2.2 Example Virtual Machine Architecture
[0070] FIG. 3 illustrates an example virtual machine memory layout
300 in block diagram form according to an embodiment. In order to
provide clear examples, the remaining discussion will assume that
the virtual machine 104 adheres to the virtual machine memory
layout 300 depicted in FIG. 3. In addition, although components of
the virtual machine memory layout 300 may be referred to as memory
"areas", there is no requirement that the memory areas are
contiguous.
[0071] In the example illustrated by FIG. 3, the virtual machine
memory layout 300 is divided into a shared area 301 and a thread
area 307.
[0072] The shared area 301 represents an area in memory where
structures shared among the various threads executing on the
virtual machine 104 are stored. The shared area 301 includes a heap
302 and a per-class area 303. In an embodiment, the heap 302
represents the run-time data area from which memory for class
instances and arrays is allocated. In an embodiment, the per-class
area 303 represents the memory area where the data pertaining to
the individual classes are stored. In an embodiment, the per-class
area 303 includes, for each loaded class, a run-time constant pool
304 representing data from the constant table 201 of the class,
field and method data 306 (for example, to hold the static fields
of the class), and the method code 305 representing the virtual
machine instructions for methods of the class.
[0073] The thread area 307 represents a memory area where
structures specific to individual threads are stored. In FIG. 3,
the thread area 307 includes thread structures 308 and thread
structures 311, representing the per-thread structures utilized by
different threads. In order to provide clear examples, the thread
area 307 depicted in FIG. 3 assumes two threads are executing on
the virtual machine 104. However, in a practical environment, the
virtual machine 104 may execute any arbitrary number of threads,
with the number of thread structures scaled accordingly.
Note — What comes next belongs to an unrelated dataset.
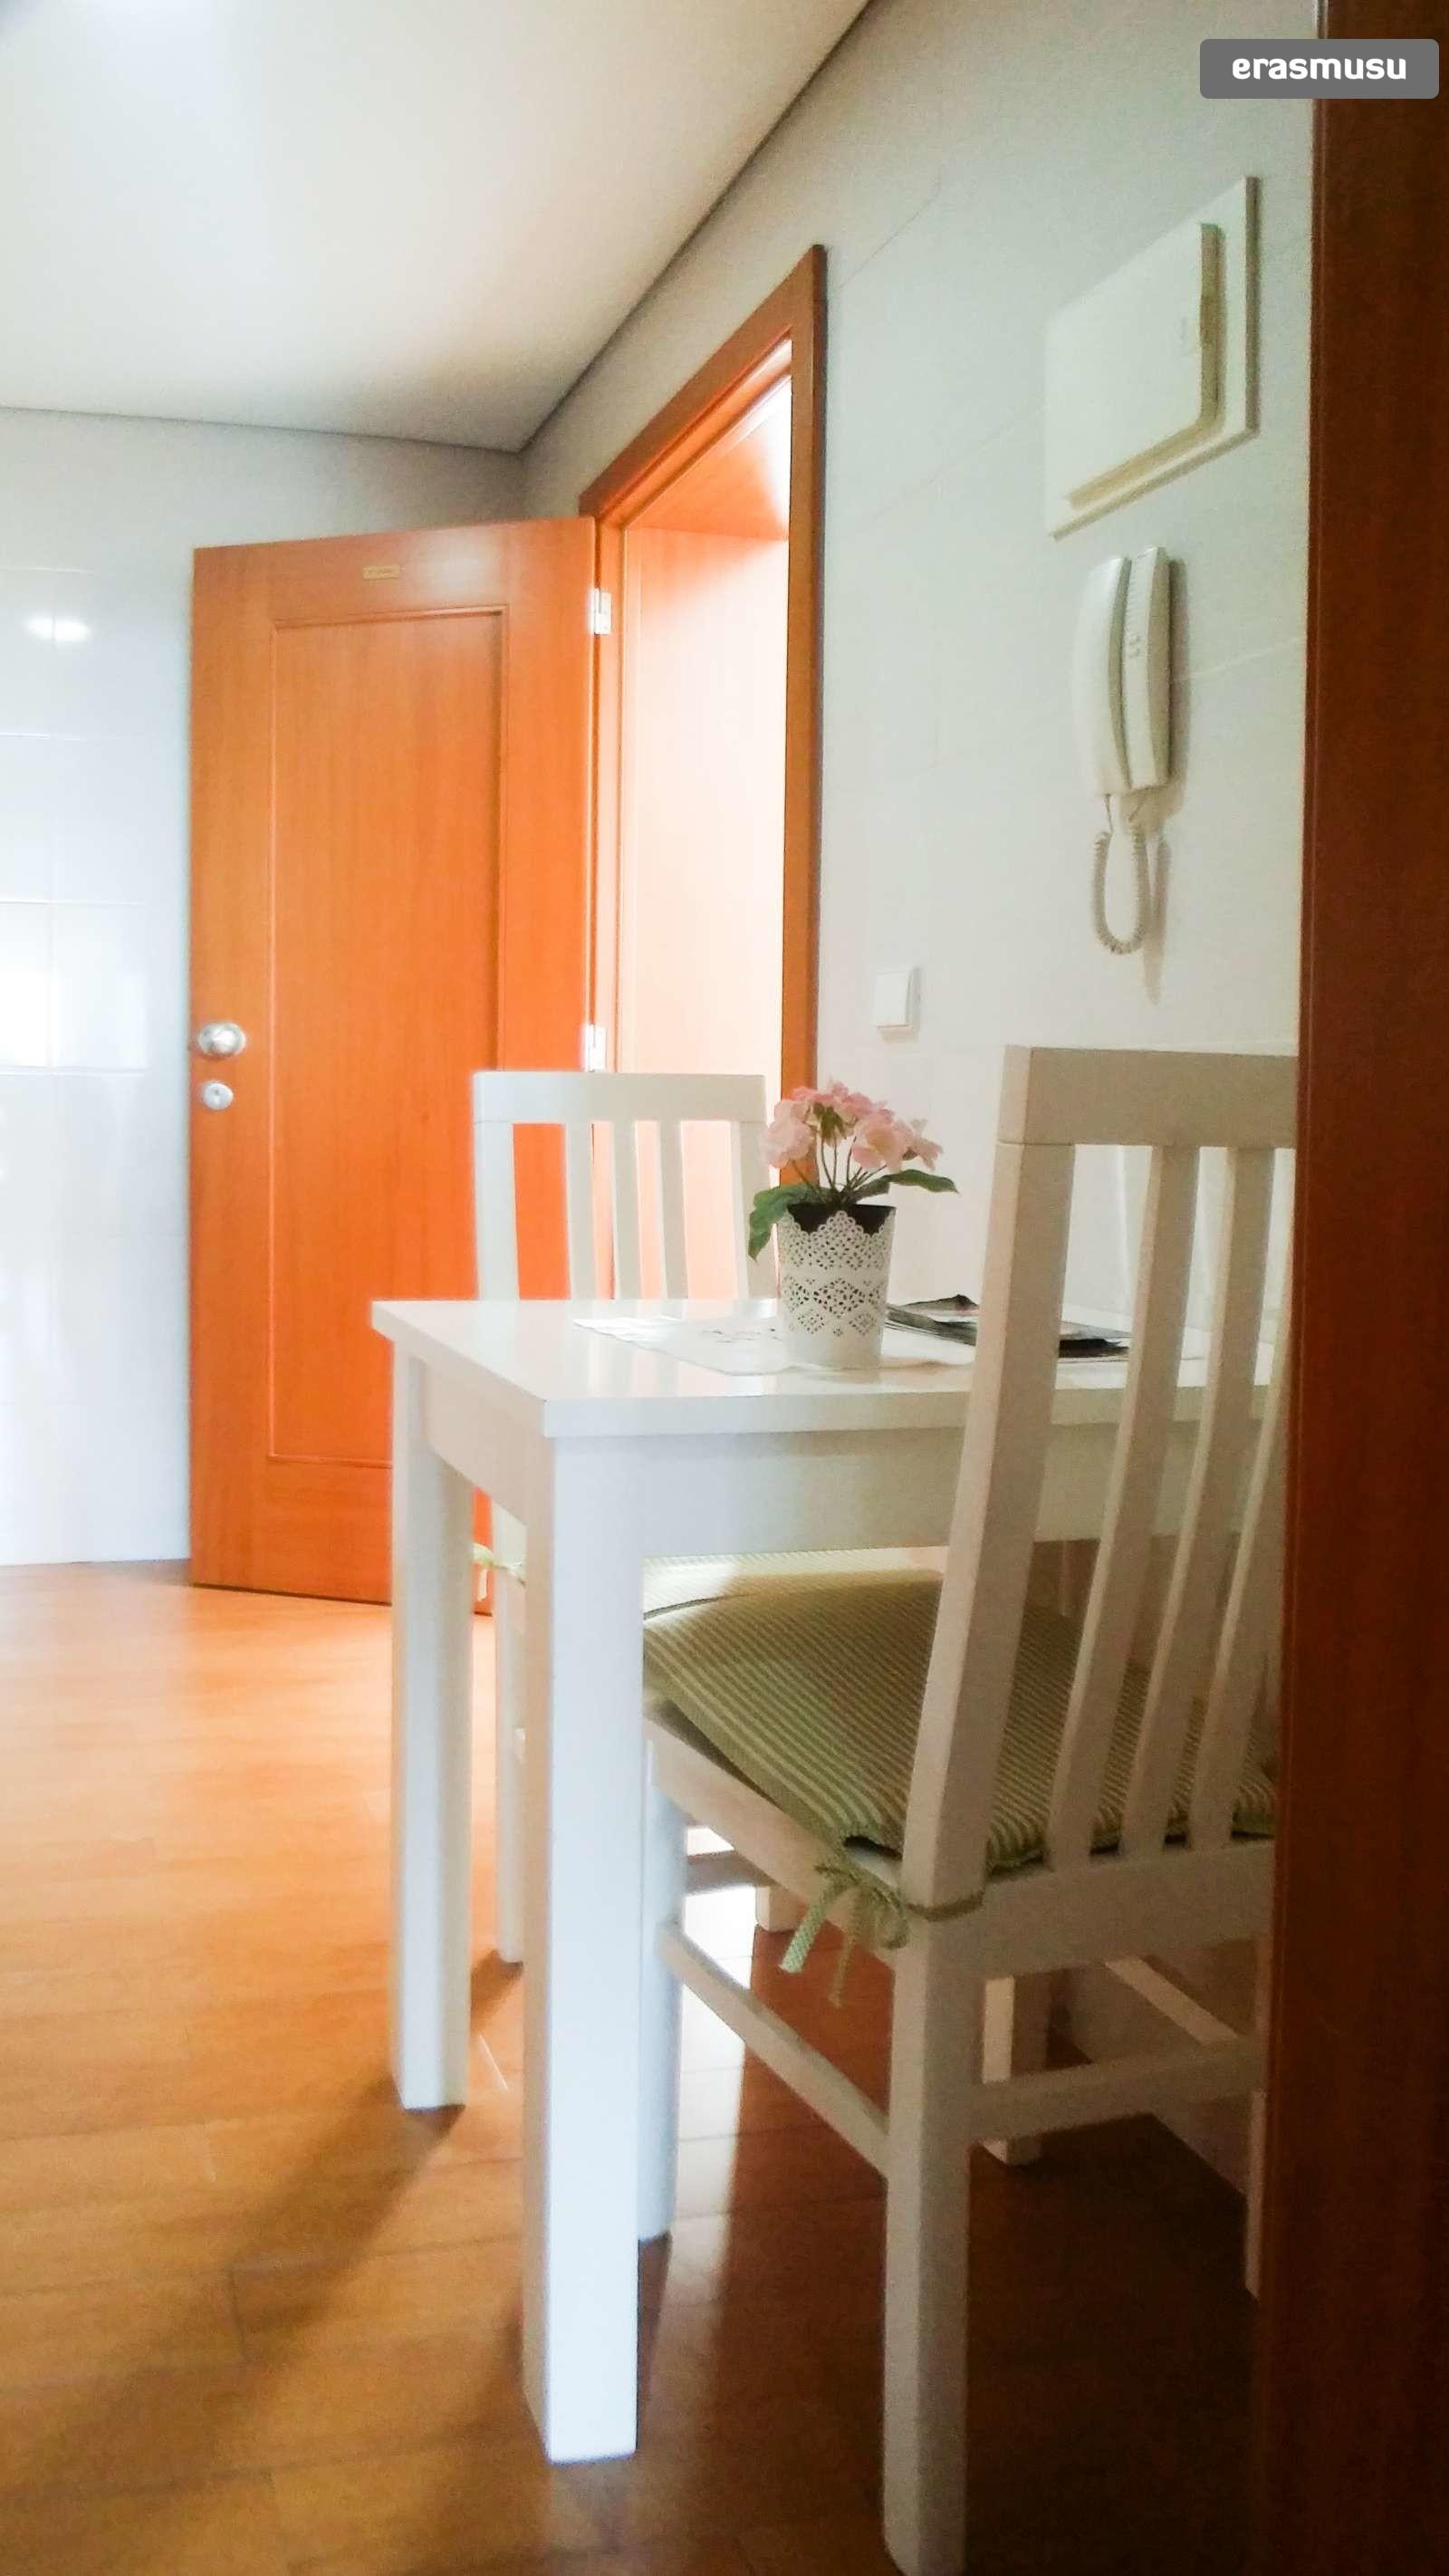 bright-studio-apartment-rent-cedofeita-b2e14a8fd90846d29f1820603

[0074] In an embodiment, thread structures 308 includes program
counter 309 and virtual machine stack 310. Similarly, thread
structures 311 includes program counter 312 and virtual machine
stack 313. In an embodiment, program counter 309 and program
counter 312 store the current address of the virtual machine
instruction being executed by their respective threads. Thus, as a
thread steps through the instructions, the program counters are
updated to maintain an index to the current instruction. In an
embodiment, virtual machine stack 310 and virtual machine stack 313
each store frames for their respective threads that hold local
variables and partial results, and is also used for method
invocation and return.
[0075] In an embodiment, a frame is a data structure used to store
data and partial results, return values for methods, and perform
dynamic linking. A new frame is created each time a method is
invoked. A frame is destroyed when the method that caused the frame
to be generated completes. Thus, when a thread performs a method
invocation, the virtual machine 104 generates a new frame and
pushes that frame onto the virtual machine stack associated with
the thread. When the method invocation completes, the virtual
machine 104 passes back the result of the method invocation to the
previous frame and pops the current frame off of the stack. In an
embodiment, for a given thread, one frame is active at any point.
This active frame is referred to as the current frame, the method
that caused generation of the current frame is referred to as the
current method, and the class to which the current method belongs
is referred to as the current class.
[0076] FIG. 4 illustrates an example frame 400 in block diagram
form according to an embodiment. In order to provide clear
examples, the remaining discussion will assume that frames of
virtual machine stack 310 and virtual machine stack 313 adhere to
the structure of frame 400.
[0077] In an embodiment, frame 400 includes local variables 401,
operand stack 402, and run-time constant pool reference table
403.
[0078] In an embodiment, the local variables 401 are represented as
an array of variables that each hold a value, such as Boolean,
byte, char, short, int, float, reference, and so forth. Further,
some value types, such as longs or doubles, may be represented by
more than one entry in the array. The local variables 401 are used
to pass parameters on method invocations and store partial results.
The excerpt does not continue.